The F.A.S.T. Approach

Intrapreneurship plays a transformative role in organizations. This transformation is disruptive, though the disruptions reflect the economic and societal changes underway in the world at large to produce a new world order. The transformative disruption underway today, the fourth Industrial Revolution (4IR), is the latest installment of disruptive change that is taking place in an industrial era; this change is characterized by leading-edge technology, innovation, entrepreneurship and intrapreneurship.

Entrepreneurship inside organizations – intrapreneurship – has been present in all industrial revolutions. Intrapreneurship continues to shape the global economy and fuels the problem-solving, creative solutions that get commercialized by innovative companies; these innovations, and the companies that created and commercialized them played leading roles in the importance and relevance of the first Industrial Revolution, starting with its birth during the 18th century.

The first Industrial Revolution (1IR) forever changed the way business was conducted in the world. 1IR witnessed the transition from a mostly agrarian-based economy and rural society into an industrial-centric economy that resulted in the formation of urbanized societies and accelerated their growth. Industries like iron and textiles and the development and deployment of steam-engine technologies played instrumental roles in 1IR.

The second Industrial Revolution took place approximately between 1870 and the start of World War I in 1914. This period saw the continued expansion of existing industries and the emergence of new industries like steel, oil and electricity. 2IR is also known for the increased usage of electric power to fuel mass production and for the development and commercialization of the internal combustion engine.

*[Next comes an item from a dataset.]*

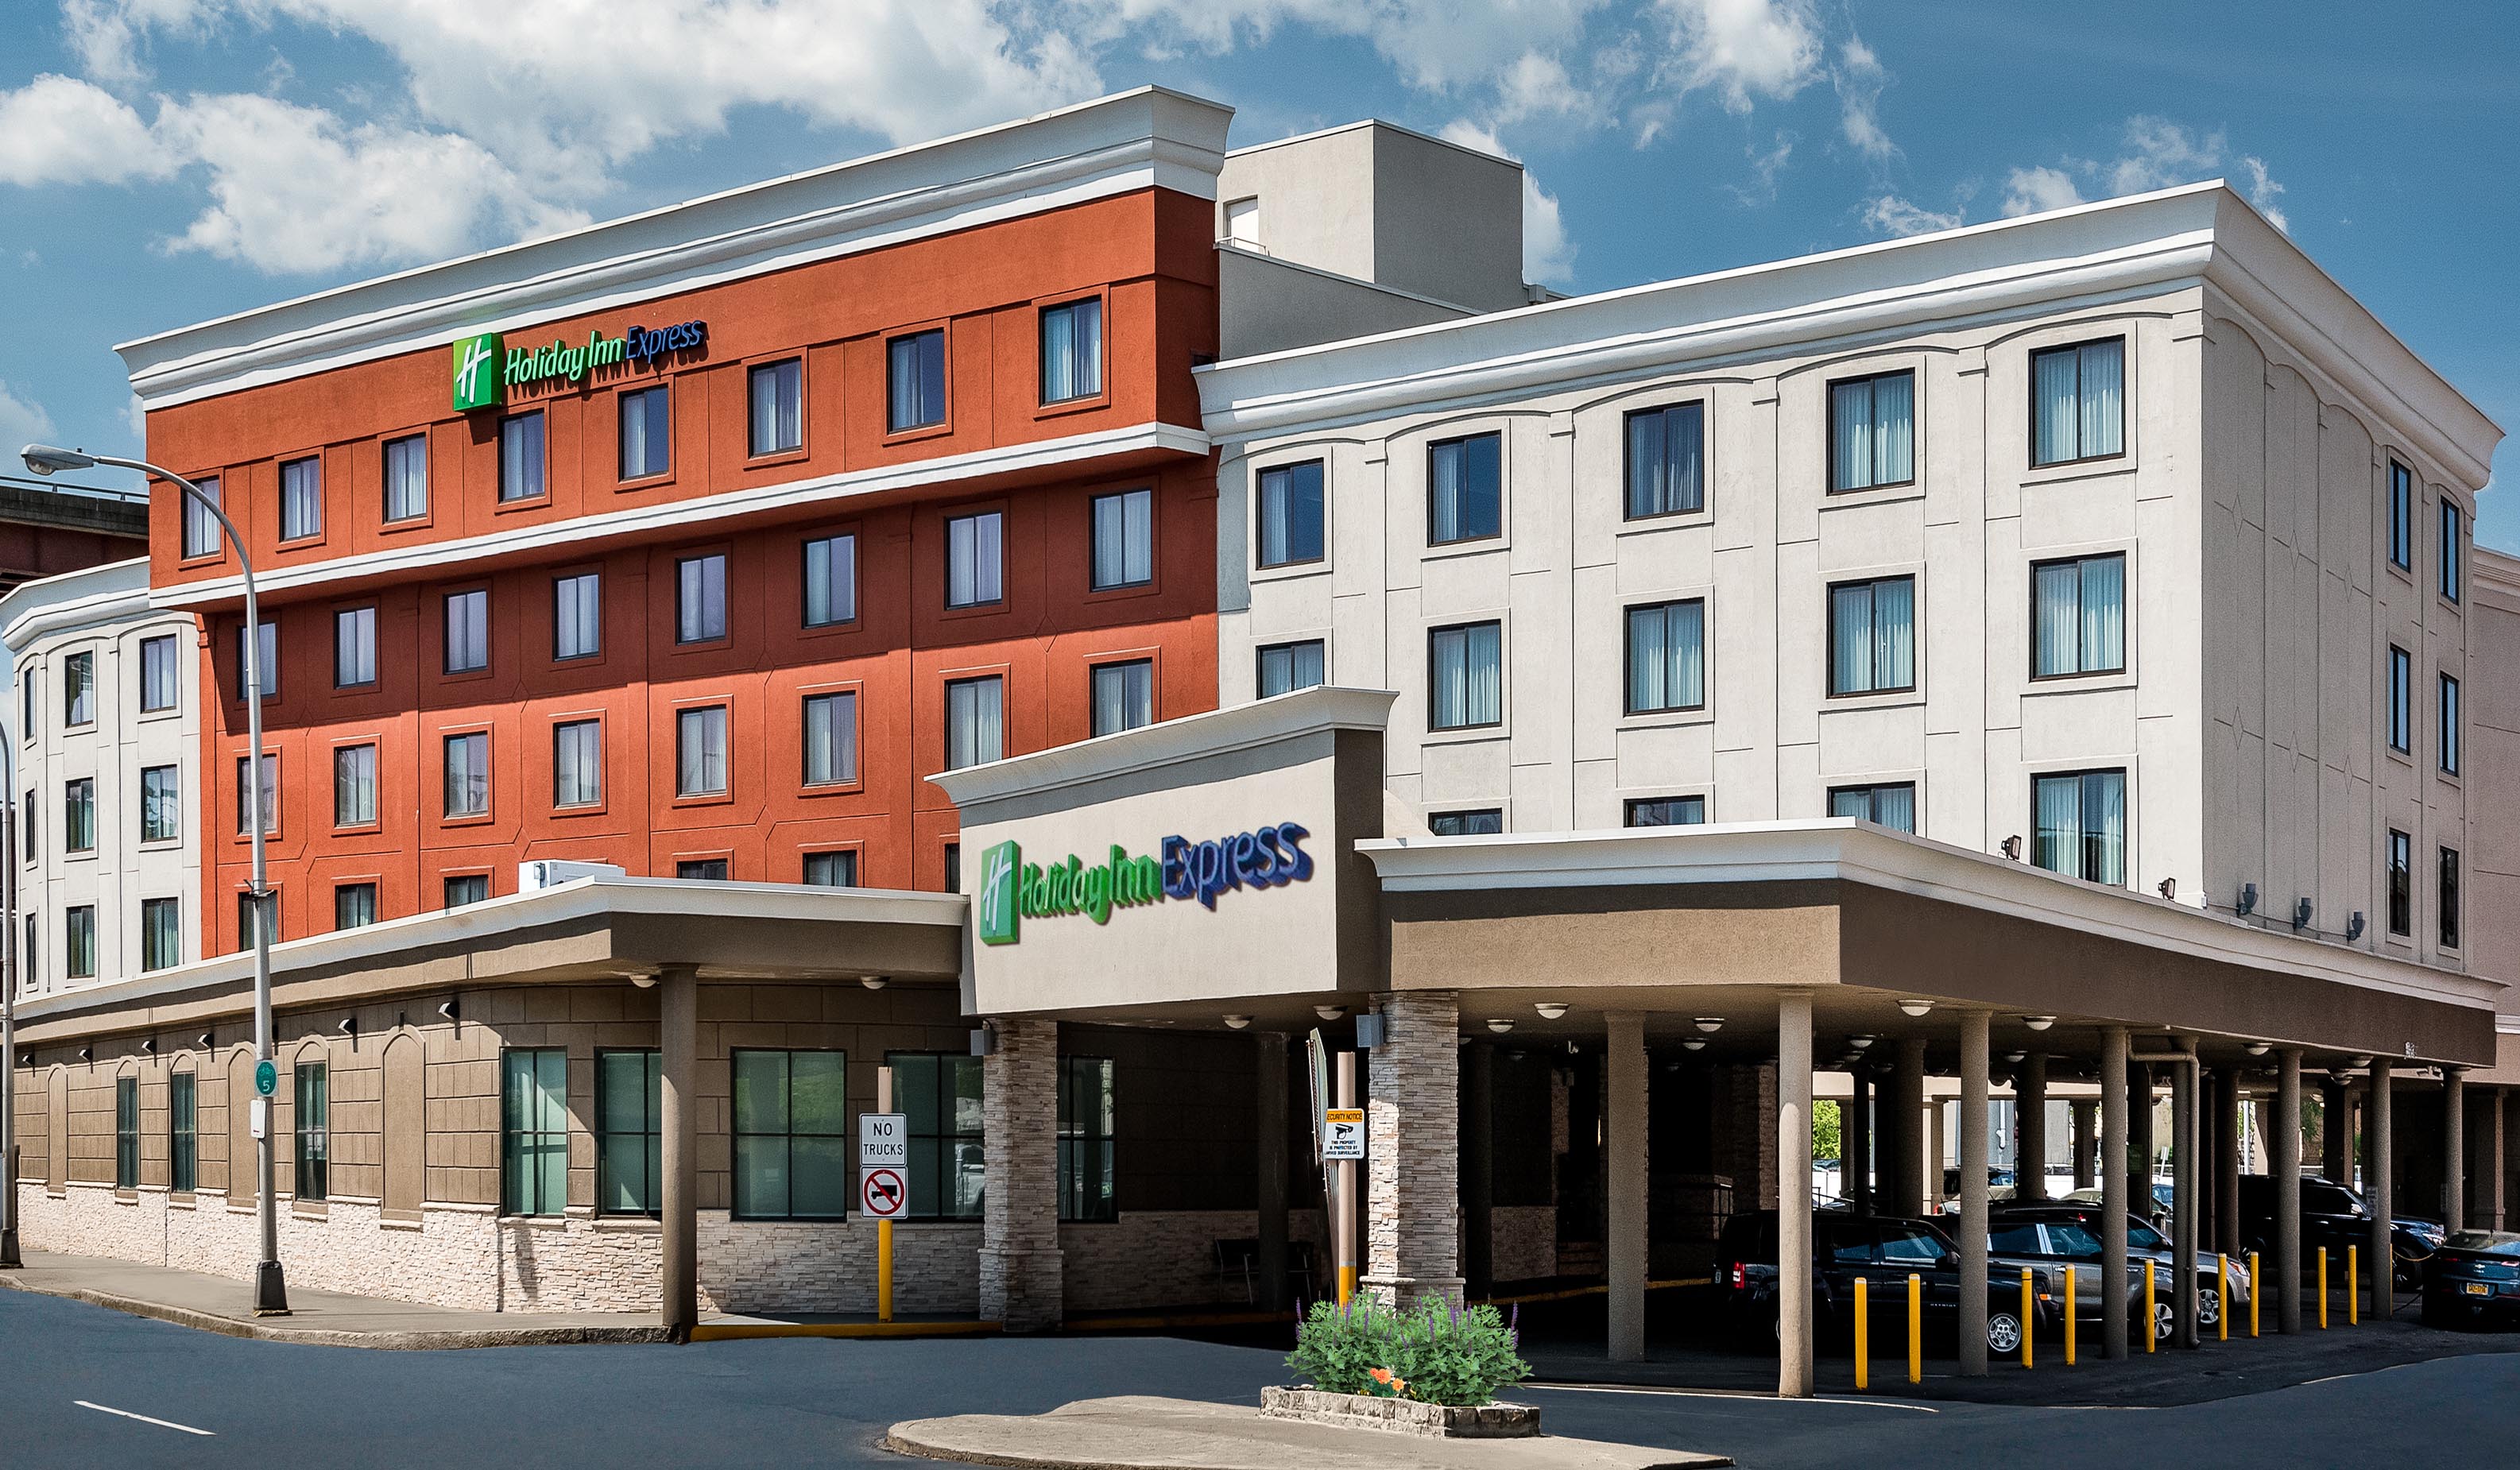 Holiday Inn Express (The Oiring Group)
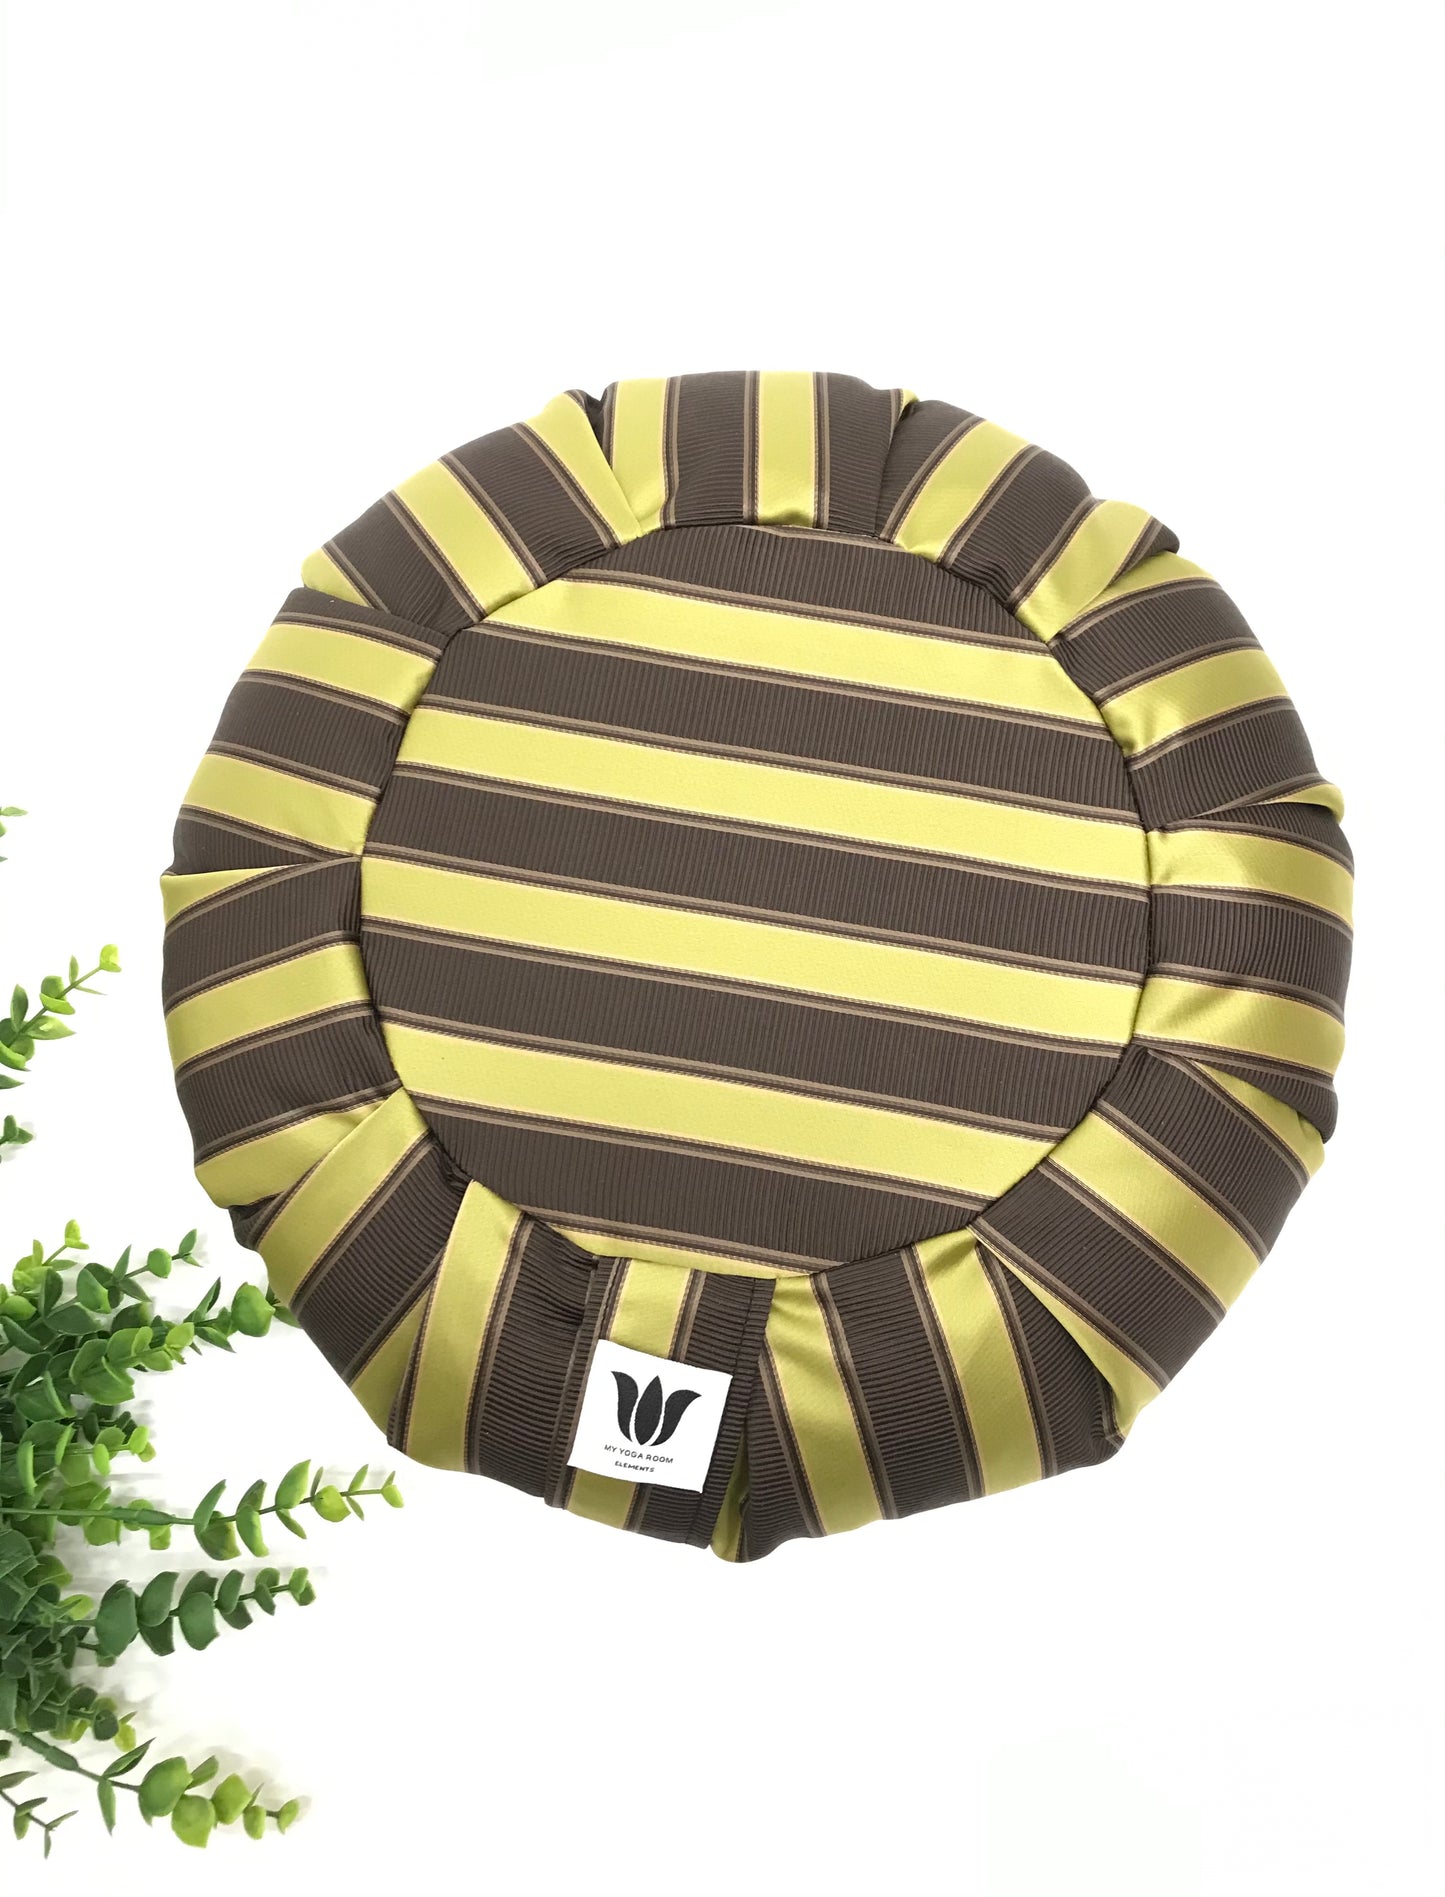 Handcrafted premium sateen home decor fabric meditation seat cushion in purple and gold-green stripe fabric. Align the spine and body in comfort to calm the monkey mind in your meditation practice. Handcrafted in Calgary, Alberta Canada

The third Industrial Revolution is sometimes referred to as the Digital Revolution and started during the 1980s. This third installment (3IR) of technology’s revolutionary impact on the world traces the evolution of analog electronic and mechanical devices to digital technologies. 3IR introduced technologies and devices like the personal computer, the internet and ultra-fast communication networks; it made possible ever-expanding mobility (including technological advancements in autonomous vehicles and drones) and ubiquitous connections in the form of the Internet of Things.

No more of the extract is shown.